Leaks float a $749.99 estimate (with a chance of $799.99). If Nvidia lands at $749 with 24GB, the value pitch is simple: you’re buying headroom and avoiding VRAM anxiety for the life of the card. That undercuts the “buy a tier up for capacity” advice we’ve been giving since the 12GB era. But if it lands at $799, pressure increases—especially with AMD’s 16GB Radeon RX 9070 XT looming as the price/perf foil. Nvidia’s DLSS suite and RT performance still command a premium, but $50 matters in this bracket.

Timing-wise, a Q4 2025 window with the current 16GB 5070 Ti going EOL in October 2025 has been whispered. Take all of it with the usual leak caveats. Kopite7kimi’s track record is solid, but even the best sources miss details until late. And Moore’s Law is Dead’s pricing chatter should be treated as directional, not gospel.

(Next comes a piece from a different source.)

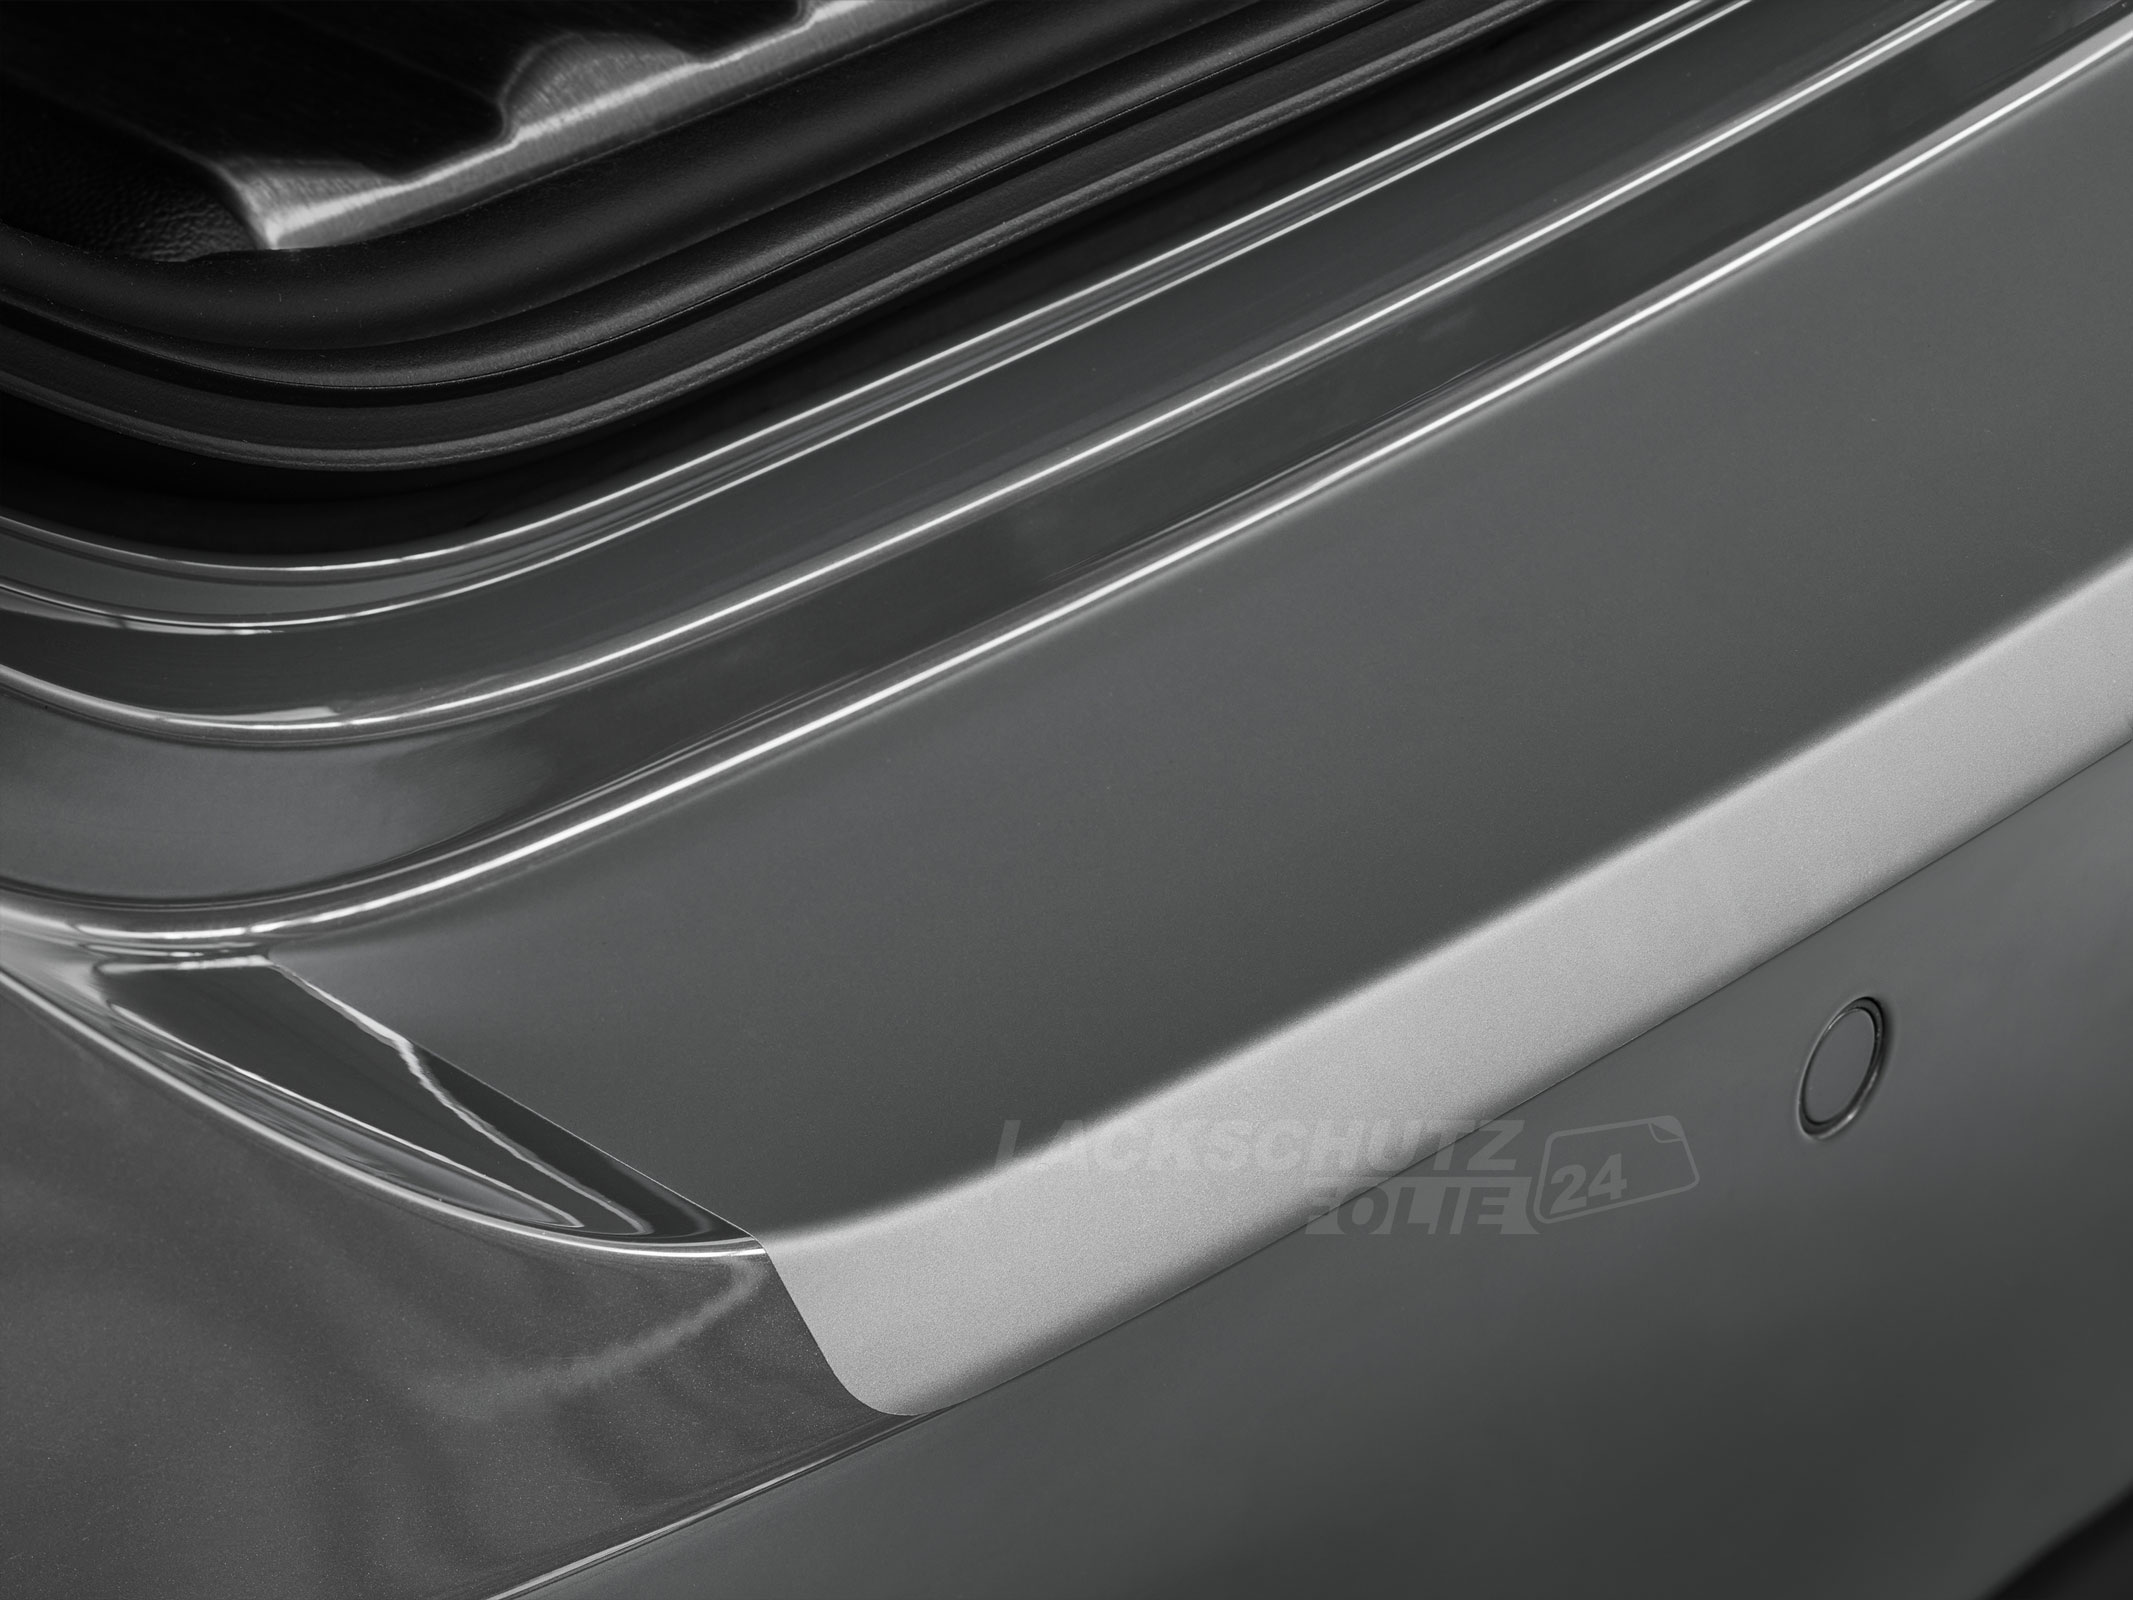 Ladekantenschutzfolie - Transparent Glatt MATT für Hyundai i30cw (Kombi) Typ PD, ab BJ 07/2017 + Facelift

What gamers should do right now

  • Building a new 1440p rig today: Don’t pause your life for a year based on rumors. Consider current-gen deals and your PSU/case constraints.
  • Eyeing 4K with RT and heavy modding: If the 24GB rumor holds, this SKU could be the sweet spot below the flagship tier—worth waiting to compare against whatever AMD counters with in late 2025.
  • Small-form-factor enthusiasts: 350W is a headache. Either plan an airflow-first SFF build or hope for a lower-power custom model (or undervolt).

TL;DR

The RTX 5070 Ti Super leak screams “capacity over cores”: 24GB GDDR7 and big bandwidth, but reportedly the same compute and a hefty 350W TGP. If priced around $749, it could be the no-anxiety 1440p/entry-4K card for modders and RT fans—assuming the power draw translates into real clock gains. As always: promising on paper, unconfirmed in reality. Keep your expectations in check until Nvidia speaks.